No puedo negar que me sentí de pronto decepcionado. Pero enseguida comprendí que ese
sentimiento respondía sólo a la pasión y la fantasía. Contradecía todo lo que, precisamente con la
ayuda de Miss Maynell, había descubierto sobre el amor verdadero. Fue por eso que di el paso y la
saludé con auténtico entusiasmo. Es cierto, esto no sería un romance, pero sí algo valioso, algo
quizás mejor que el romance: una amistad por la que debía estar siempre agradecido.
“Soy el Teniente John, y usted debe ser la Srta. Maynell... ¿Le puedo invitar a cenar?”
“Muchas gracias”, dijo la mujer, “pero usted busca a mi hija: es la joven con el vestido verde que se
acaba de ir. Me entregó su rosa y me dijo que, si usted me invitaba a cenar, se la entregase para
que usted se la lleve. Le está esperando en el restaurante de enfrente”».
En un pequeño pueblo una mujer se llevó una gran sorpresa al ver que había llamado a su puerta un
extraño, correctamente vestido, que le pedía algo de comer. — Lo siento, dijo ella, pero ahora mismo
no tengo nada en casa. — No se preocupe, dijo amablemente el extraño, tengo una piedra de sopa
en mi cartera; si usted me permitiera echarla en un puchero de agua hirviendo, yo haría la más
exquisita sopa del mundo. Un puchero muy grande, por favor. A la mujer le picó la curiosidad, puso
el puchero al fuego y fue a contar el secreto de la piedra de sopa a sus vecinas. Cuando el agua
empezó a hervir, todo el vecindario se había reunido allí para ver aquel extraño y su piedra de sopa.

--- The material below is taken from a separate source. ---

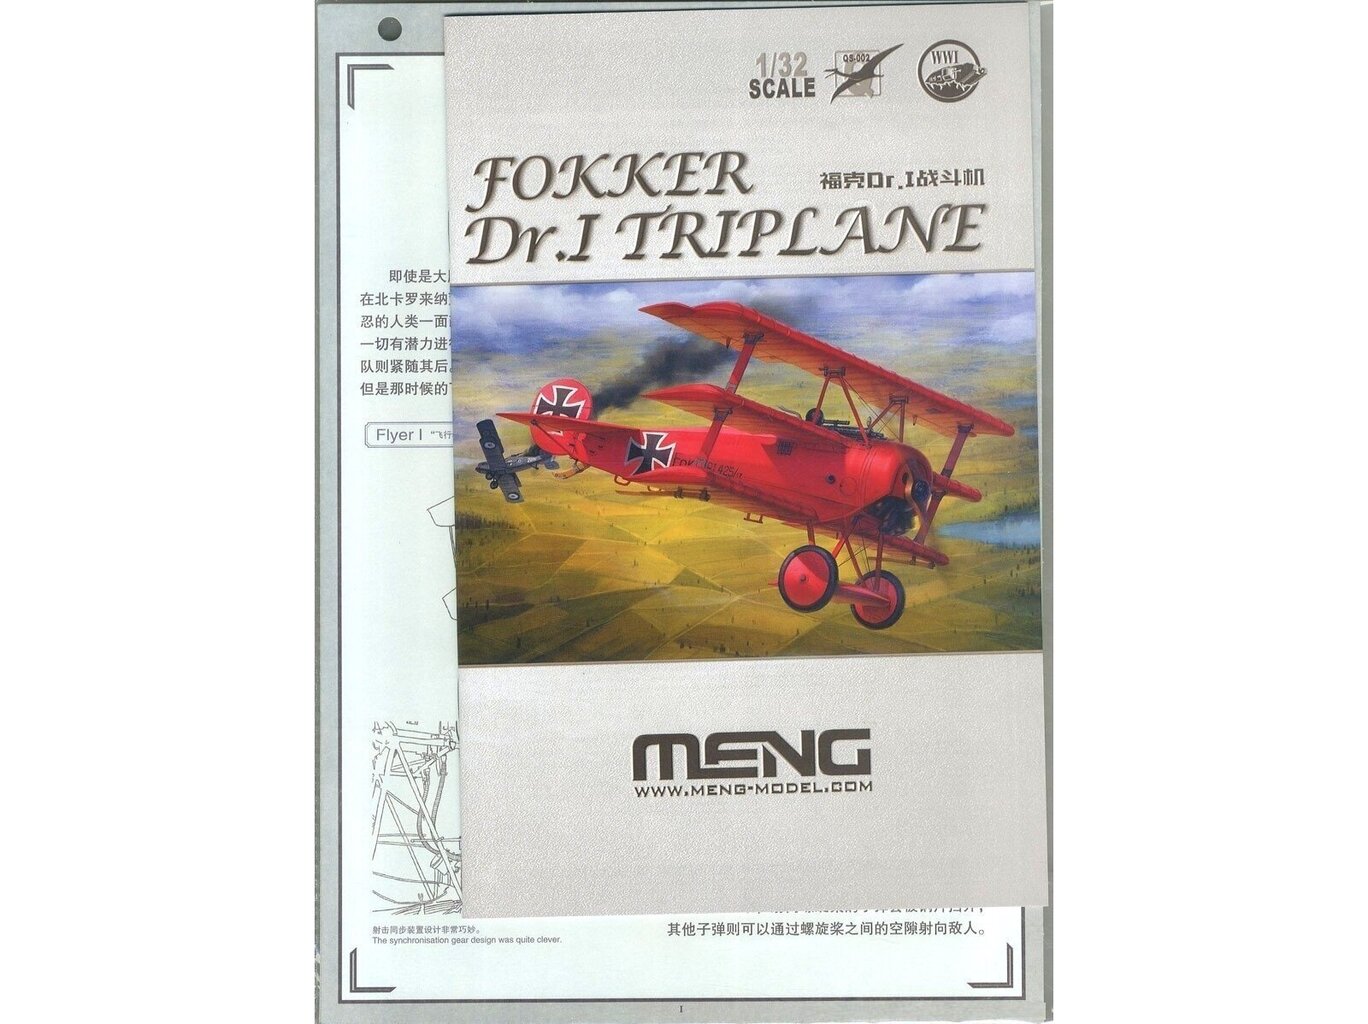 Meng Model - Limited Edition Fokker Dr.I Triplane "Red Baron" includes 1:10 bust of Manfred von Richthofen, 1/32, QS-002S цена и информация | Konstruktori | 220.lv

El extraño dejó caer la piedra en el agua, luego probó una cucharada y exclamó: — ¡Deliciosa!, lo
único que necesita son unas cuantas patatas. — ¡Yo tengo patatas en mi cocina!- gritó una mujer- Y
en pocos minutos estaba de regresó con una fuente de patatas peladas, que fueron derechas al
puchero. El extraño volvió a probar el brebaje. — ¡Excelente!- dijo- y añadió pensativamente, si
tuviéramos un poco de carne haríamos un cocido de lo más apetitoso. Otra mujer salió zumbando y
regresó con un trozo e carne que el extraño introdujo en el puchero. Cuando volvió a probar el caldo,
puso los ojos en blanco y dijo, — ¡Ah, qué sabroso!- si tuviéramos unas cuantas verduras sería
perfecto.
Uno de los vecinos corrió hacia su casa y regresó con una cesta de cebollas y zanahorias. Después
de introducir las verduras en el puchero, probó nuevamente el guiso y dijo: — La sal, aquí la tiene
dijo la dueña de la casa. A continuación dio otra orden, ¡platos para todo el mundo! La gente se
apresuró a ir a sus casas en busca de platos, luego se sentaron a disfrutar de una espléndida
comida, mientras el extraño repartía abundantes raciones de su increíble sopa. Todos se sentía
extrañamente felices mientras reían, charlaban y compartían por primera vez su comida. En miedo
del alboroto, el extraño se escabulló silenciosamente, dejando tras de sí la milagrosa piedra de sopa,
que ellos podrían usar siempre que quisieran hacer la más deliciosa sopa del mundo.